_REQUIREMENT_
Repeat everything in the data exactly except images.

_MATERIAL PROVIDED_
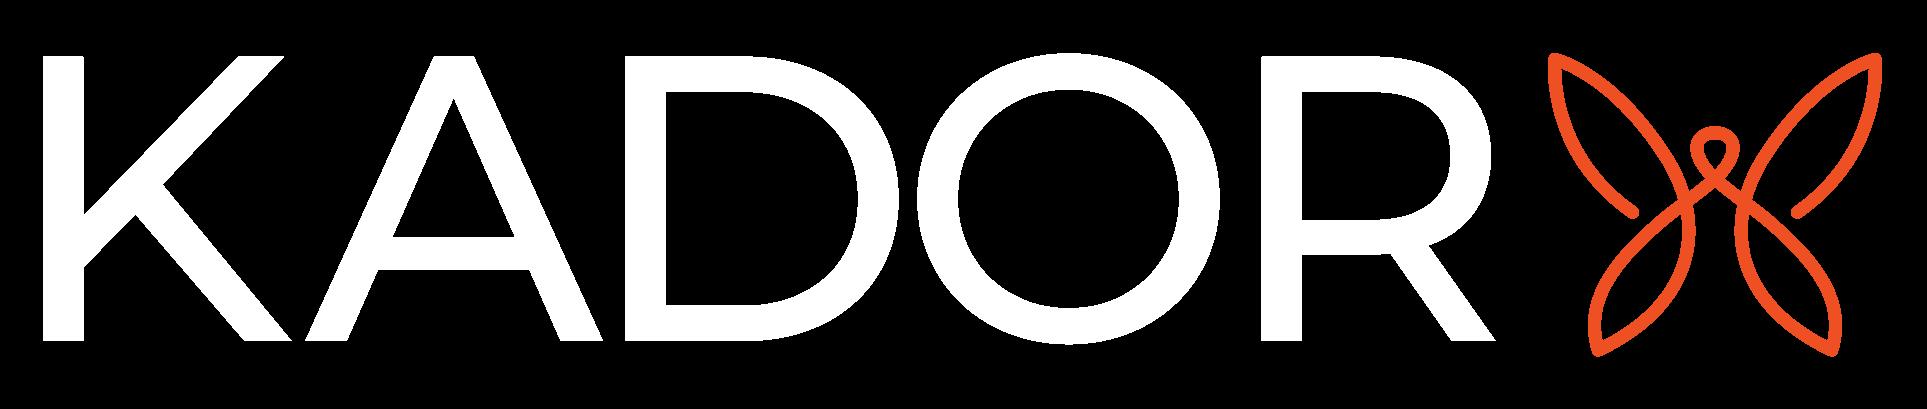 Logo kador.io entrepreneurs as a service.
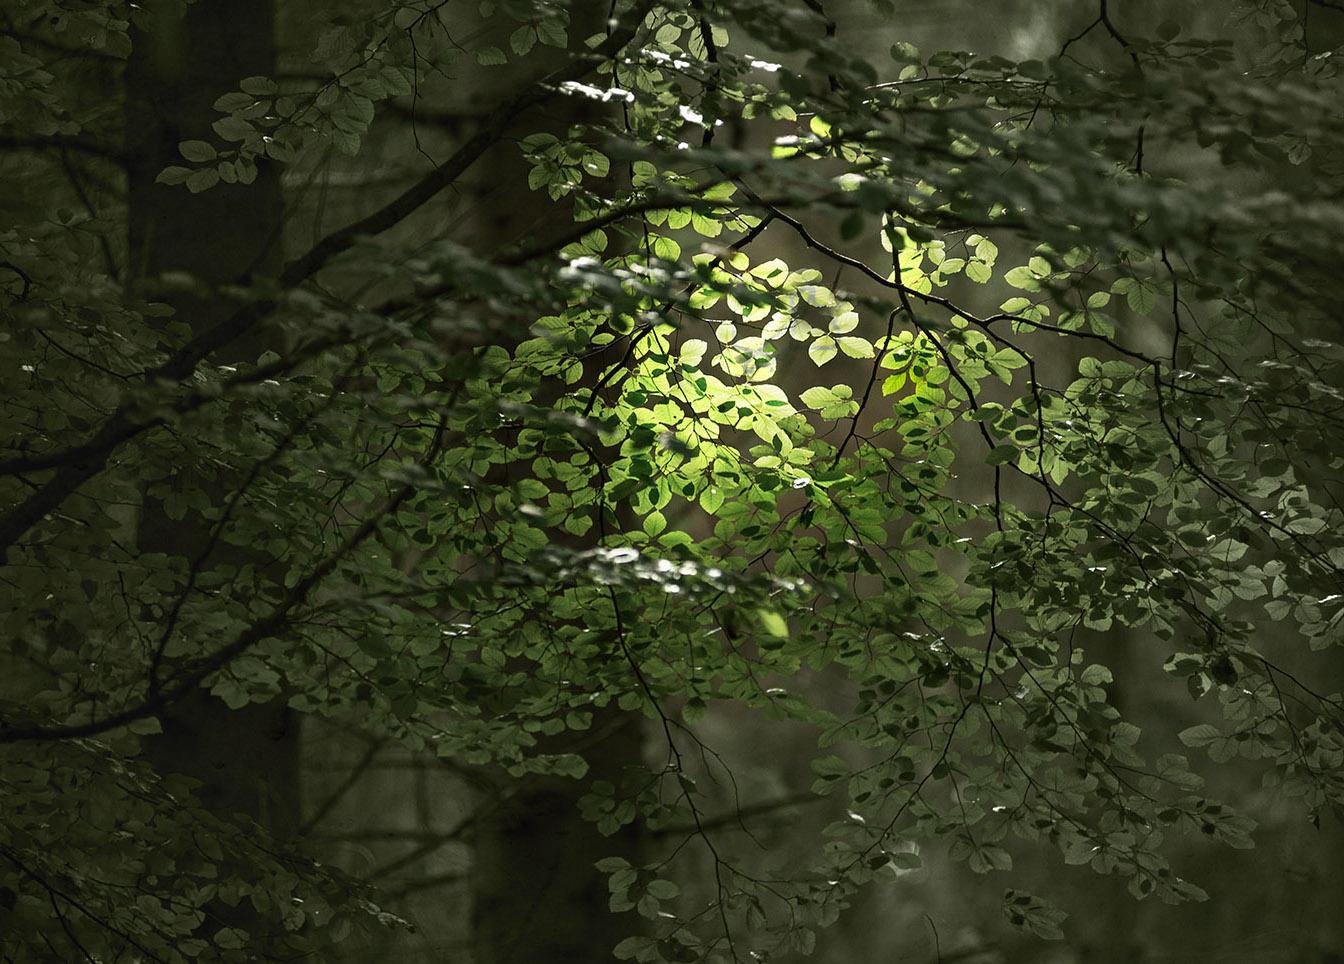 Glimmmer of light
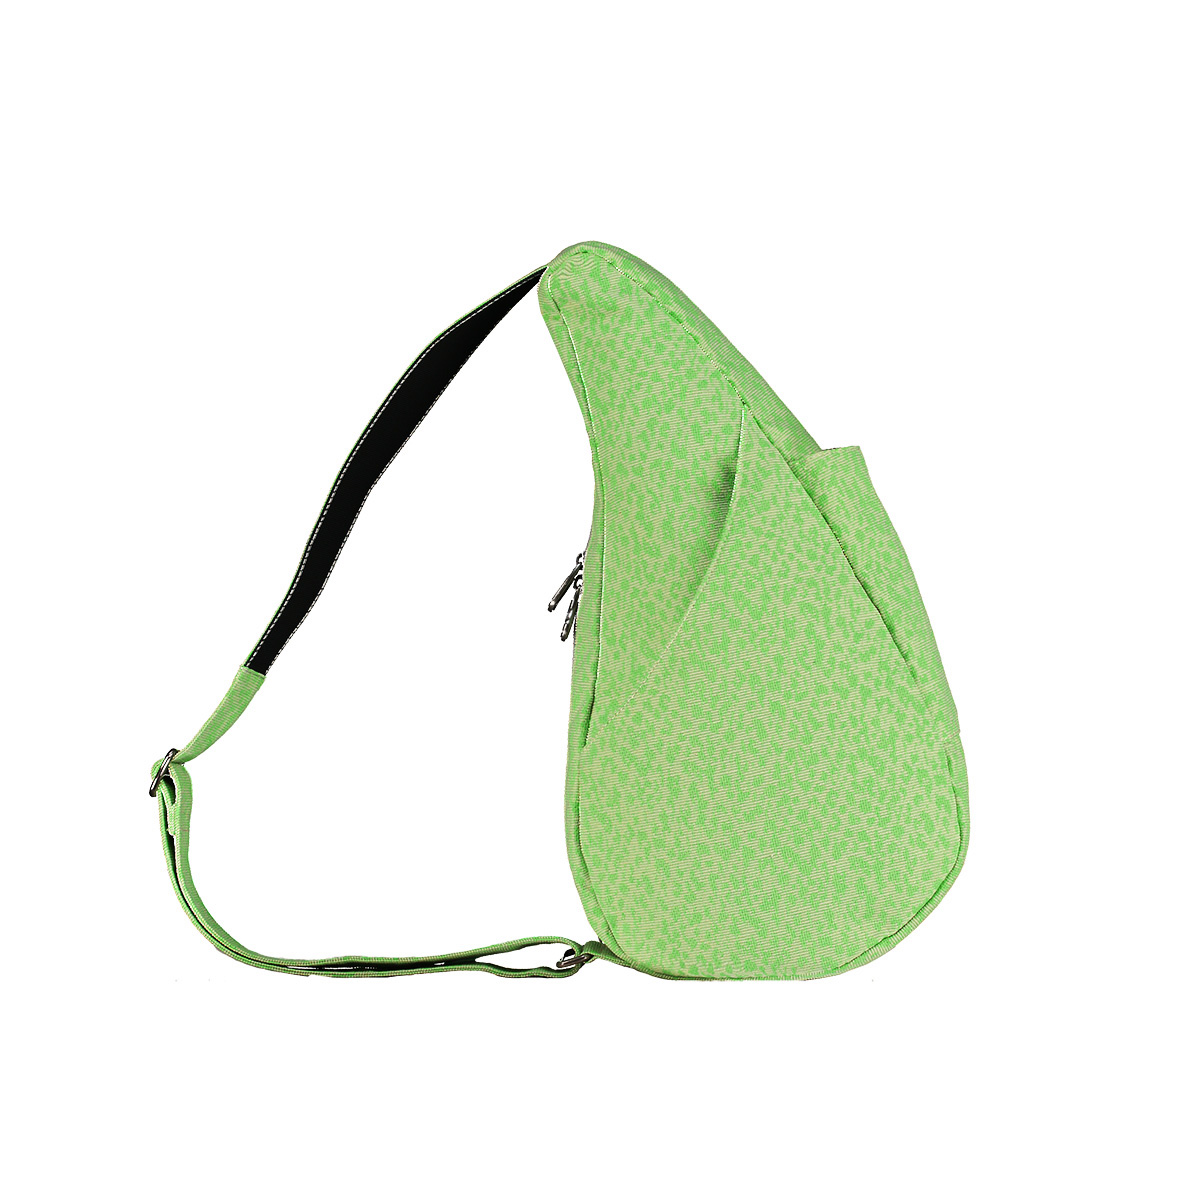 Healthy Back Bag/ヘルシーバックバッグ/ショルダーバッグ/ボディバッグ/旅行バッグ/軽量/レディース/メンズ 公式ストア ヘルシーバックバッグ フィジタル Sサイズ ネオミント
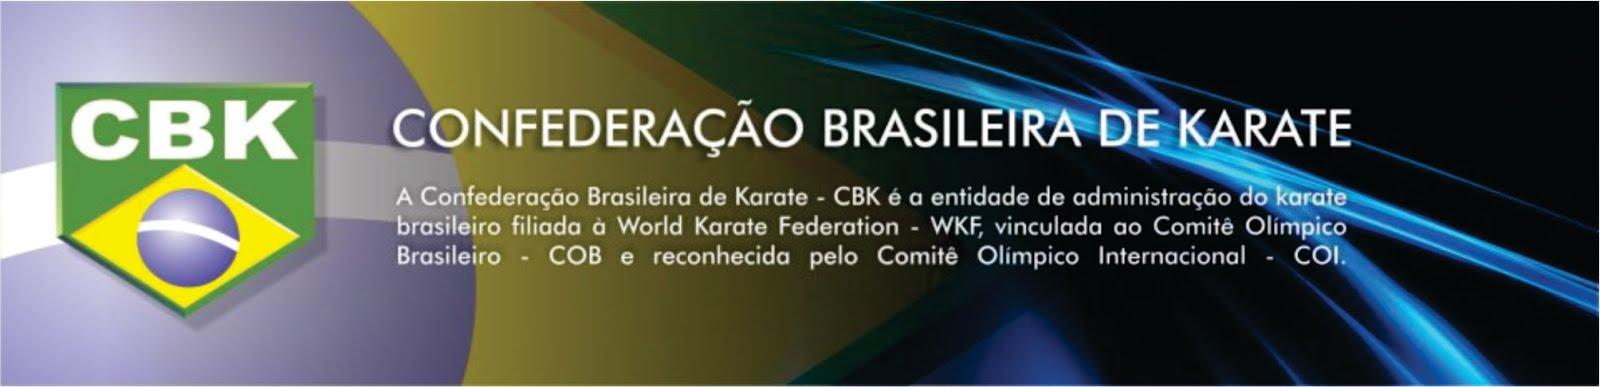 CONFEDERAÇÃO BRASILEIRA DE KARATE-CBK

_REPLY TO THE TASK_
 Logo kador.io entrepreneurs as a service.
 Glimmmer of light
 Healthy Back Bag/ヘルシーバックバッグ/ショルダーバッグ/ボディバッグ/旅行バッグ/軽量/レディース/メンズ 公式ストア ヘルシーバックバッグ フィジタル Sサイズ ネオミント
 CONFEDERAÇÃO BRASILEIRA DE KARATE-CBK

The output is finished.